What are possible explanations for the association between myopia and cognitive dysfunction? First, it is possible that pathogenic processes in dementia may affect refraction. Some studies have shown that β-amyloid, a key pathogenic feature of cognitive dysfunction, may also accumulate in the lens. ⁷ Amyloid deposition in the lens can increase lens thickness and curvature, as well as promote lens crystalline aggregation, all of which can increase the refractive index. ^8,9 Another possible mechanism is that acetylcholine deficiency, which occurs early in the course of cognitive dysfunction, ²⁸ may reduce parasympathetic input to the ciliary muscle, decreasing the amplitude of accommodation. ²⁹ Suboptimal accommodation during near work leads to hyperopic defocus on the retina, which has been shown to accelerate axial growth. ³⁰ Reduced accommodation in adults has been correlated with myopia progression in some studies, although this was not reported in other studies. ^31–33 Second, the association may be due to uncontrolled confounding by other chronic or age-related conditions (i.e., poor general health). Further studies on environmental, pathological genetic, correlates of myopia, and cognitive dysfunction may provide additional insights. 

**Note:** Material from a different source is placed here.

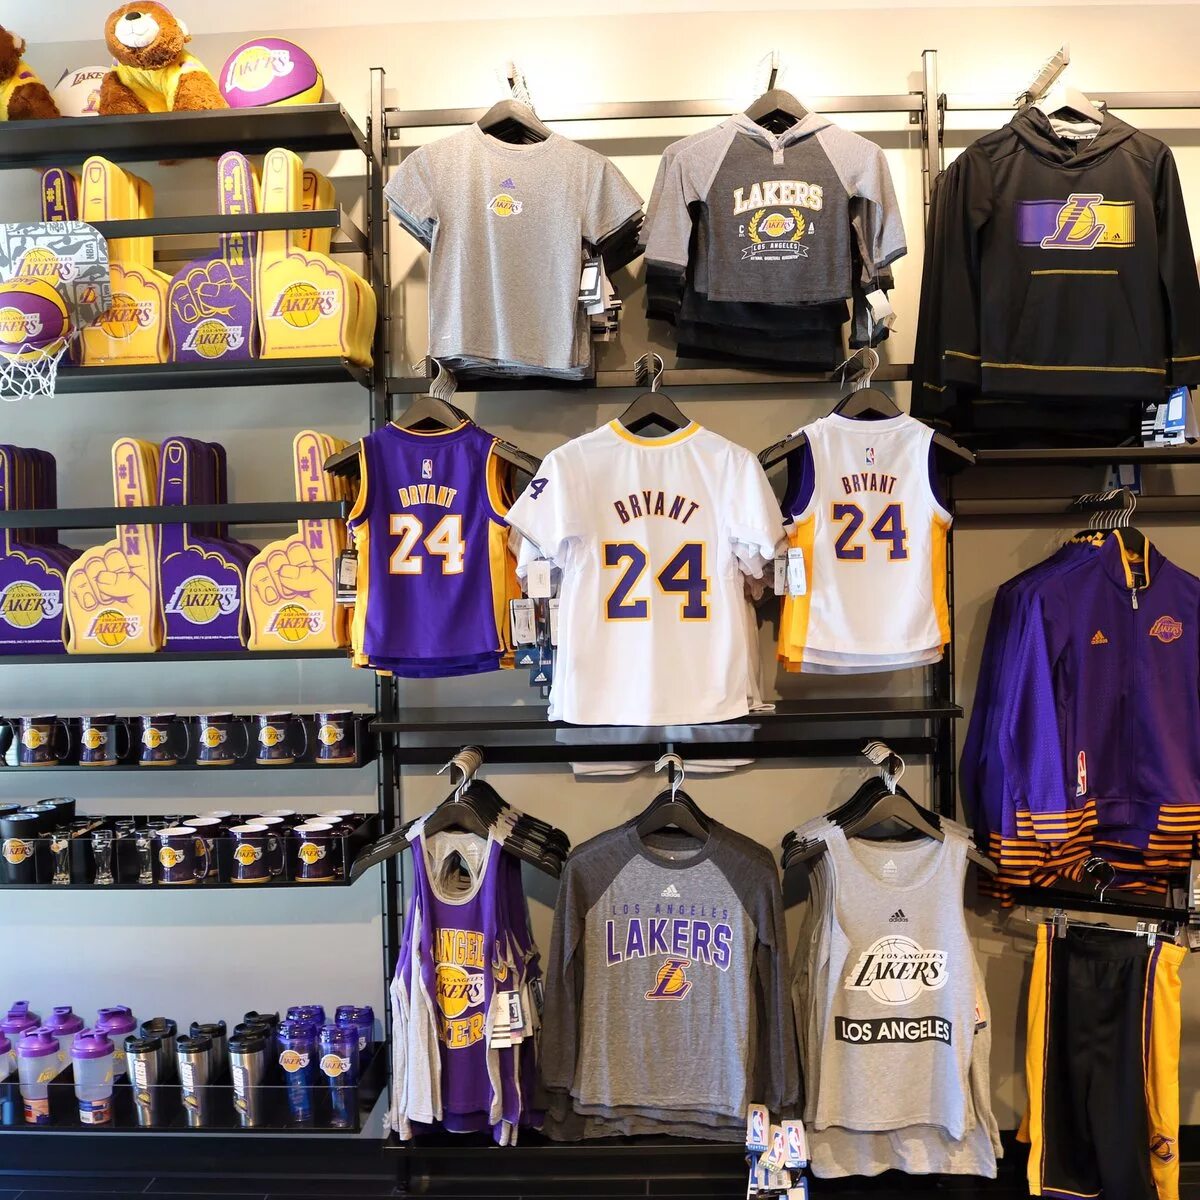 X shop магазин. Los Angeles Lakers мерч. Лос Анджелес Лейкерс мерч. Магазин Lakers в los Angeles. Лос-Анджелес Лейкерс магазины.
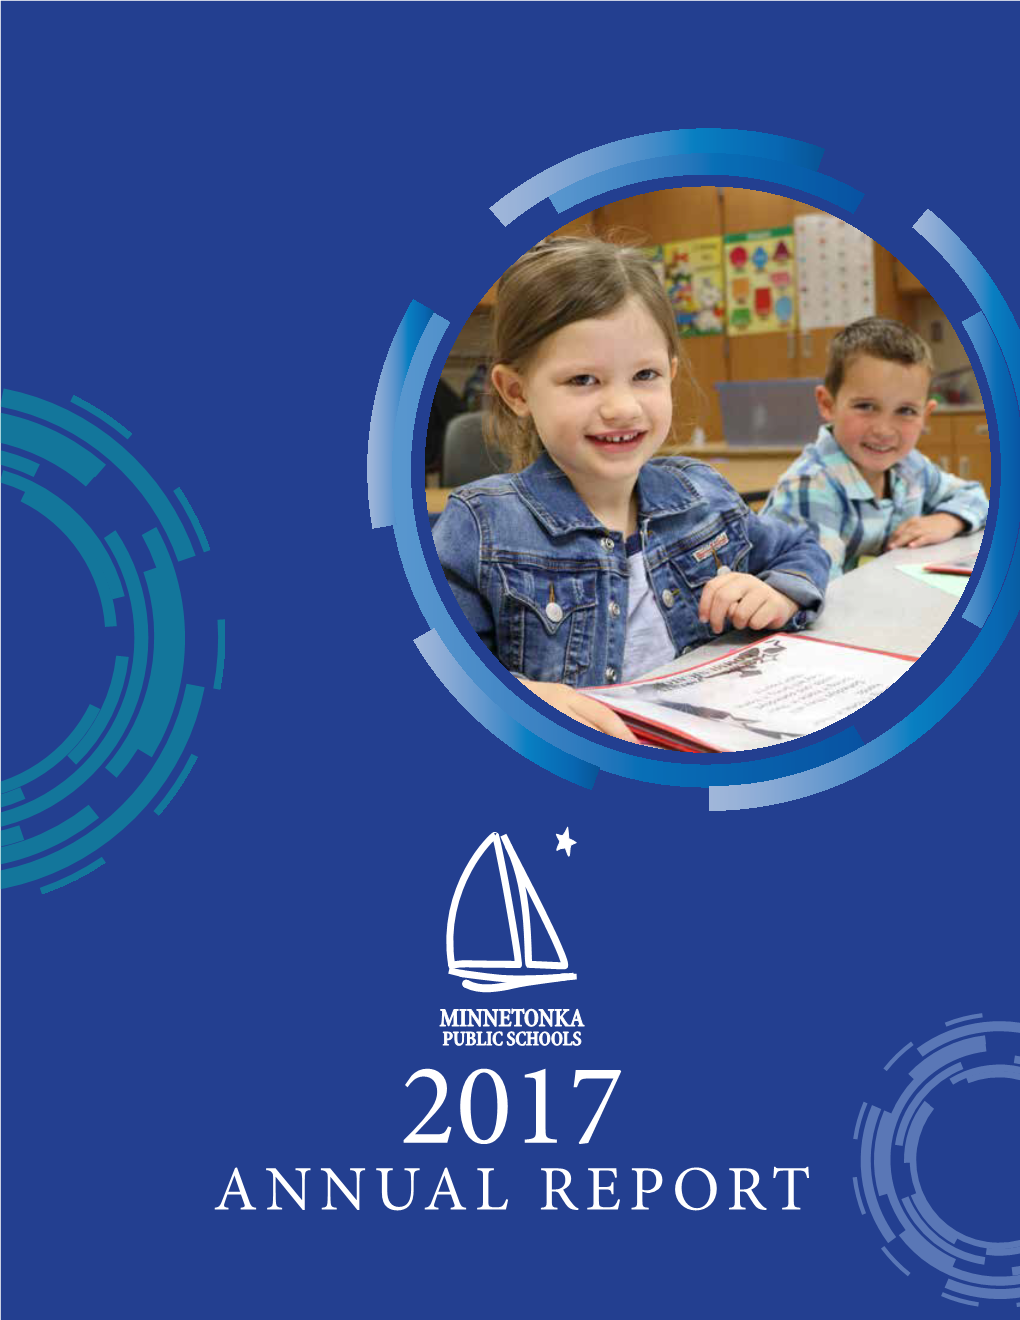 Annual Report Minnetonka Public Schools

It is noteworthy that education did not significantly modify the association between myopia and cognitive dysfunction in our participants (P for interaction = 0.899). Years of education, socioeconomic indicators like income and type of housing, or reading were not significantly different between myopic and nonmyopic individuals in our study (all P > 0.05). Most of our older population received elementary education or less (89.5%), and results should be interpreted cautiously when generalizing to more recent birth cohorts, as education and reading, which are frequently associated with myopia in children, are also putative protective factors against cognitive decline in later life. ¹⁰  

The strengths of our study include standardized protocols for obtaining refraction and lens opacity measurements. There are some limitations to this study that may have affected the results. First, our study is cross-sectional in nature and the temporality of myopia and cognitive dysfunction is not clear. Second, only ethnic Malay adults were examined in this study and the findings may vary in other ethnic groups. Third, although the AMT is a well-validated screening instrument for cognitive impairment, ³⁴ misclassification may occur, likely biasing OR estimates toward the null hypothesis and inflating their SEs, ³⁵ thereby making actual associations more difficult to detect. Fourth, there may be residual confounding due to factors that we have not controlled for (e.g., depressive symptoms, general well-being, and status of Alzheimer's disease or Parkinson's disease), and categorization of continuous exposure variables (e.g., education level, hours of reading/writing). Fifth, the current sample may not represent the source population due to the high rates of persons with missing cognitive testing (20.2%) and visual impairment (11.4%) data that may introduce bias in this study. Finally, the AMT was administered in the participant's preferred language, and a systematic difference is possible between test scores taken in English versus Malay. 

In summary, we report a novel finding from population-based data showing an association between myopia and cognitive dysfunction. The specific underlying mechanisms of this association are unknown; however, our results may provide insights into possible common pathways of myopia and cognitive dysfunction.